If you have already digested the image of the future where every transaction is executed with digital money, you will have to stretch your imagination once again. There is an inexhaustive list of other-than-cryptocurrency uses of the distributed ledger technology, but we have picked the few that, with blockchain integrated, have a potential to change our world the most.

Read our we-tried-to-make-it-short overview and you will have no choice but make few adjustments to your picture of the future.

1. Voting

Designed to take on a technical issue of double-spending in cryptocurrencies, blockchain, in fact, can make any digital transaction traceable and irreversible and help tackle ‘double-voting’, as well. There are more problems in voting than unreliable counting of votes, though. Identity validation and voters’ eligibility, as well as lack of accountability of authorities, are resulting in meddling and government fraud. The legitimacy of elections is questioned more and more. Blockchain can handle them all. Digitization of voting can increase transparency and compliance of government officials, preventing fake elections and restoring democracy worldwide.

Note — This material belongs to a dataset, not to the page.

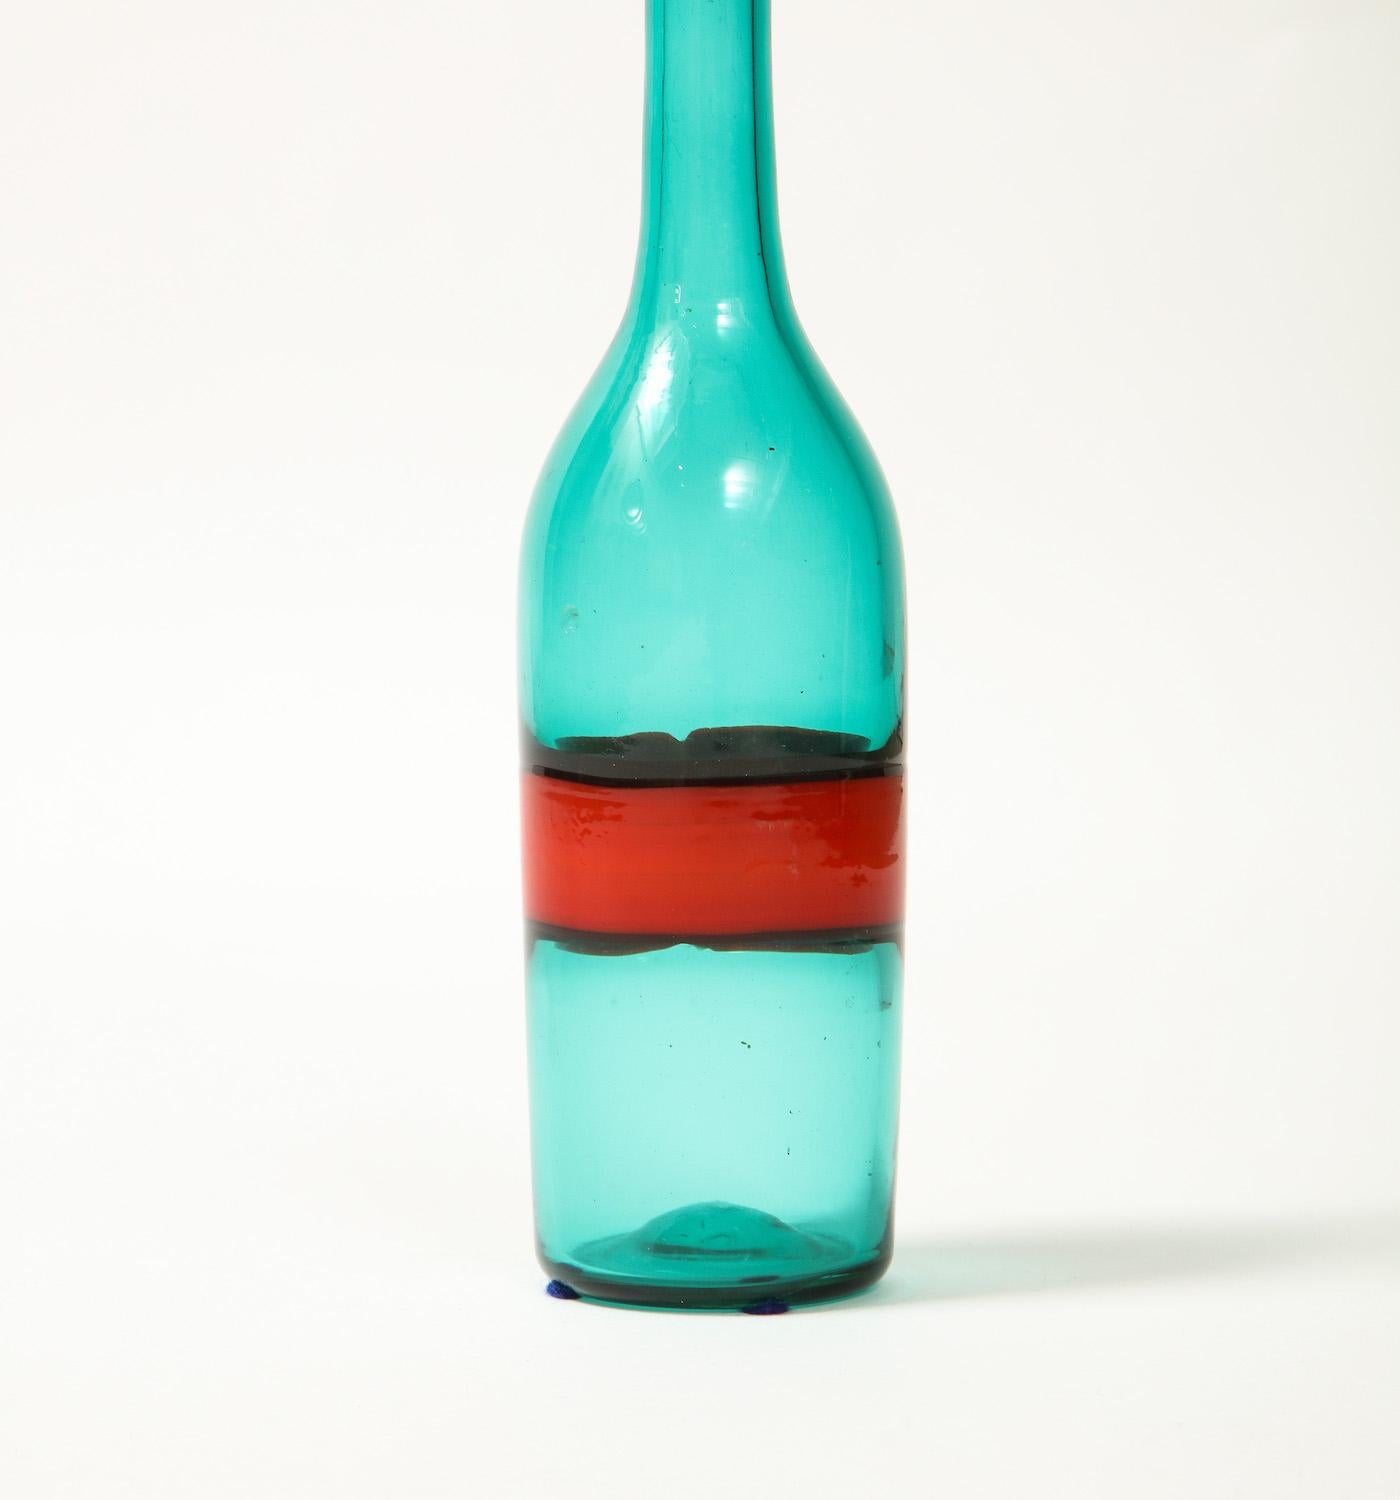 Hand blown incalmo glass decanter in red and green with stopper. Unsigned. Bottle top appears to have been neatly ground down at some point. Provenance: Private collection, Berkeley, CA.

It might take a while until any government adopts a technology that will force it to be more transparent. Estonia was among the first to integrate it, but at corporate level, launching e-Residency, a voting program for shareholders’ meetings, in partnership with Nasdaq.

However, there was a local attempt to test it at government level, too. The blockchain’s compatibility with electoral process was checked trough Colombian project Plebiscito Digital, aimed at expats, who wanted to participate in 2016 election.

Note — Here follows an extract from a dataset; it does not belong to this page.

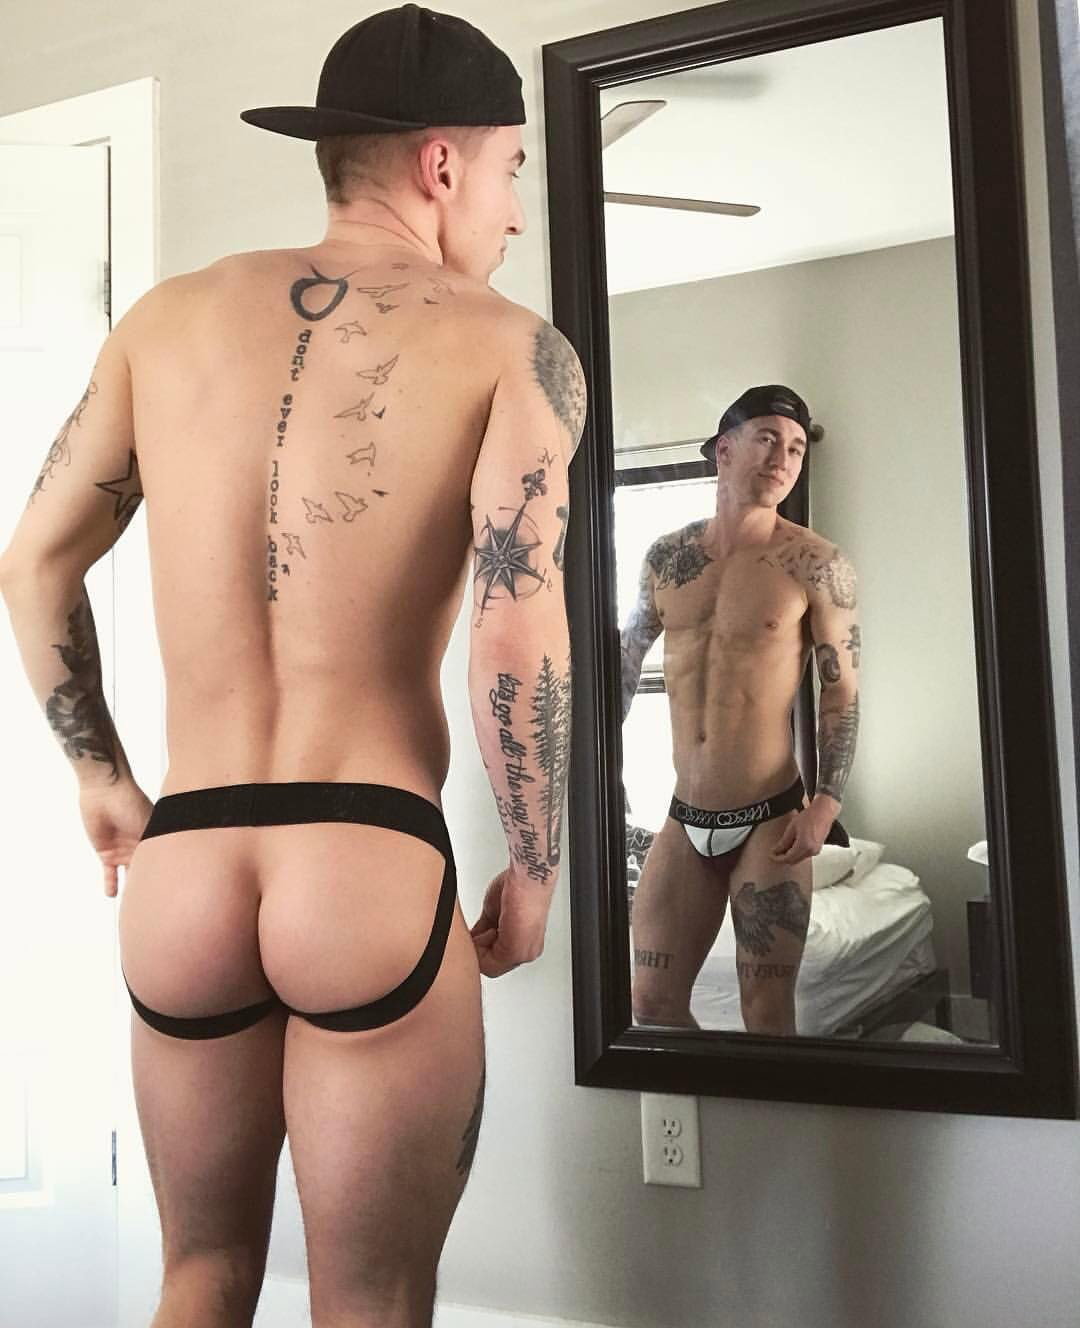 Photo by sydausperv with the username @sydausperv,  December 14, 2018 at 10:28 PM. The post is about the topic Guys in Jockstraps

OECD’s takeaways were the following: there is strong resistance from political leaders and cultural aversion in public organizations, while both the population’s digital skills and the maturity of the blockchain technology itself are not sufficient yet.

“In the current climate of questioning the integrity of election processes, the potential of blockchain technology to radically change traditional voting systems is enormous. This example shows how a small experiment can point the way towards major potential future changes.”

Charlotte van Ooijen, OECD policy analyst

2. Human Rights

If people within financial system consider it unfair and obsolete, what would those not included say? Refugees without IDs and impoverished people without bank accounts are among those who are banished from financial system and suffer economic exclusion.

Billions of people wind up without access to conventional financial services, deprived from their human right not to only transact financially, but to receive humanitarian help when it is sent by international institutions.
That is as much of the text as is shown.